Threatened by this formidable new competitor, the city’s traditional taxi industry is fighting furiously to shut it down or at least slow its growth—and it expects help in this effort from de Blasio, to whom it donated more than $550,000 during the mayoral campaign. The taxi industry does have some grounds for concern. Drivers or fleet owners paid hundreds of thousands of dollars for the taxi medallions that permit them to accept street hails, and they’re seeing the return on this investment decline. Common-carrier regulation forces taxis to submit applications before they can increase their rates. Changing rates can take years, while Uber can adjust its rates to changes in demand.

The solution, though, is not to crack down on Uber but to reform traditional taxi services along the ridesharing model. Yellow cabs should also be able to charge pre-determined prices that depend on the time of day and amount of congestion. Anyone who has tried to hail a cab late at night or in the rain knows how hard they are to find. More cab drivers will work during these periods if they have a chance at higher pay. And in many cities, including New York, traditional taxis can already use the Uber platform to hail rides—so deregulation measures that allow drivers to share in ridesharing’s other benefits would be an effective compromise.

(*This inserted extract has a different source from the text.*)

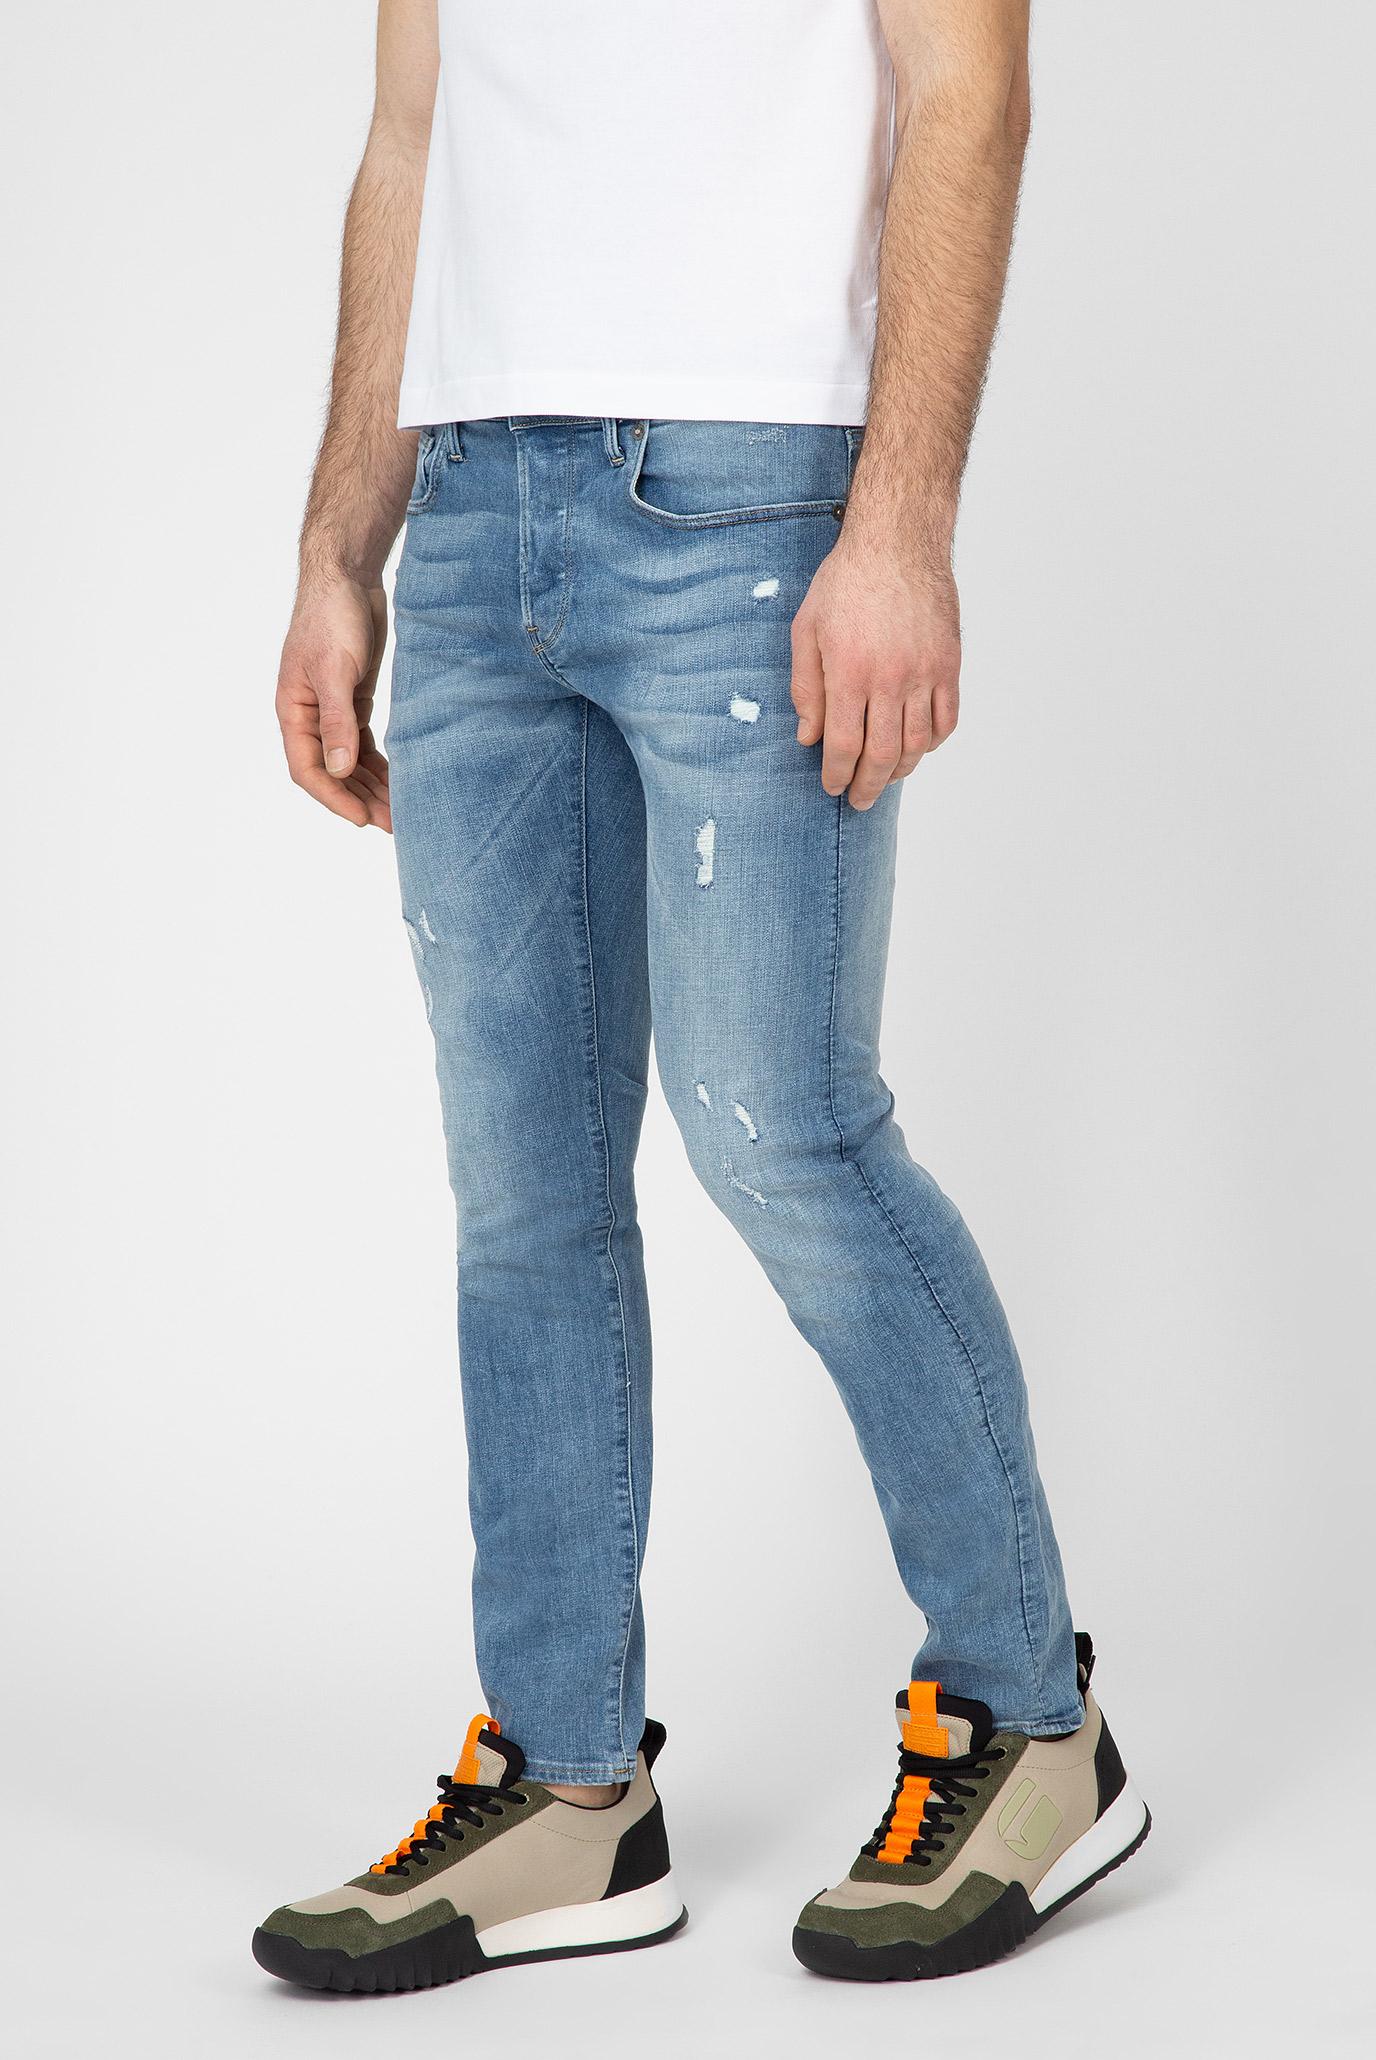 Купить Мужские голубые джинсы 3301 G-Star RAW G-Star RAW 51001,9136 – Киев, Украина. Цены в интернет магазине MD Fashion
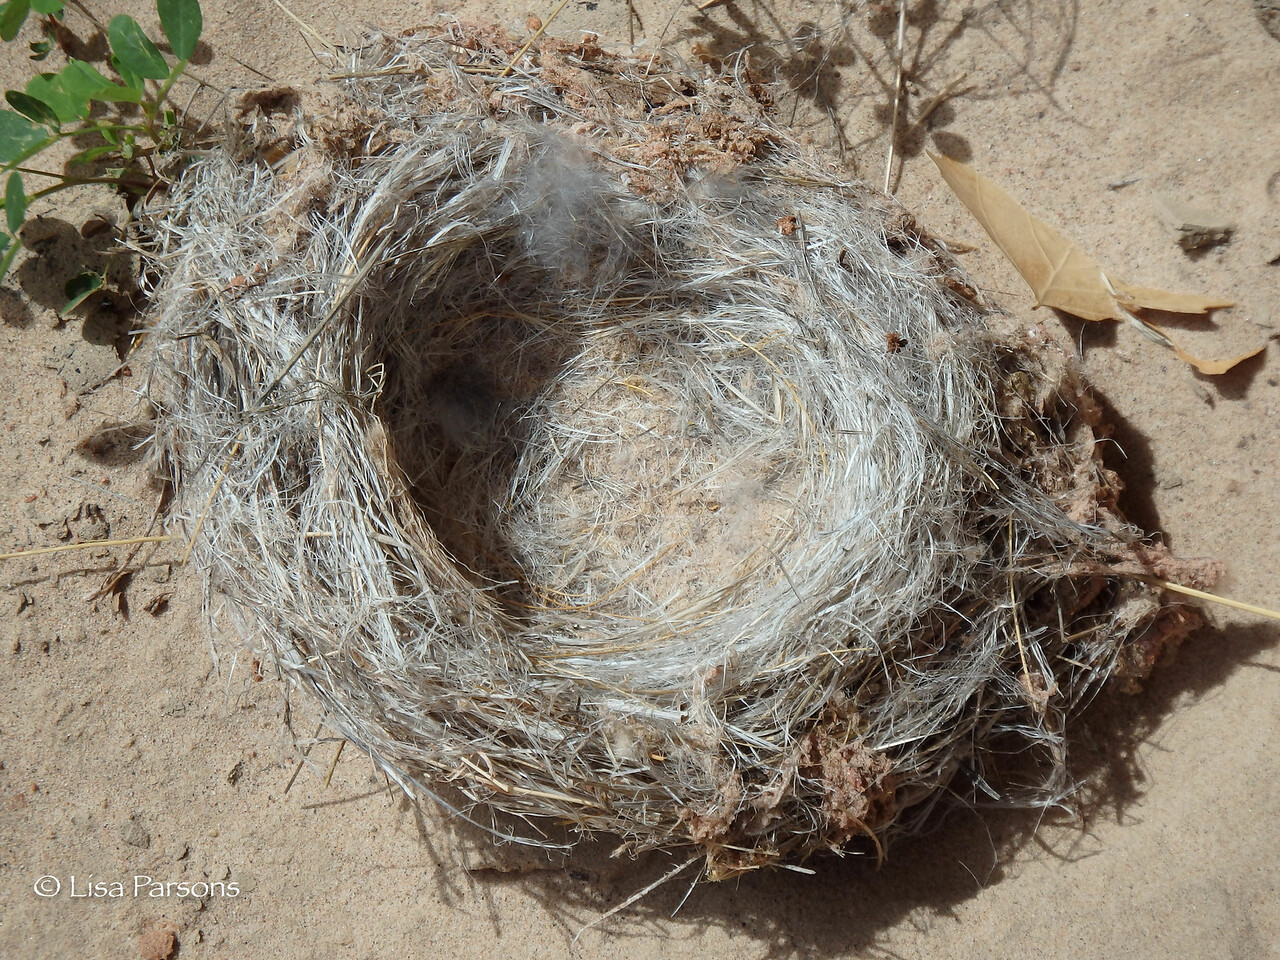 An Empty Bird's Nest

And ridesharing in New York could still be made easier. Right now, New York is one of the few markets where rideshare driver-partners need to obtain a commercial livery license. In most other cities, people can begin driving with Uber, Lyft, or Sidecar after passing background tests and vehicle safety inspections. Ridesharing’s safety record makes clear that requiring drivers to spend time obtaining expensive licenses is not necessary. Freeing rideshare driver-partners from these regulations would not only expand employment opportunities but also lower costs for riders.

In Paris, cab drivers resorted to violence to get their government to ban ridesharing. At least New York’s Uber battle is being waged through public debate—but innovation and competition still face a long struggle ahead against the entrenched power of the taxi industry and its political allies.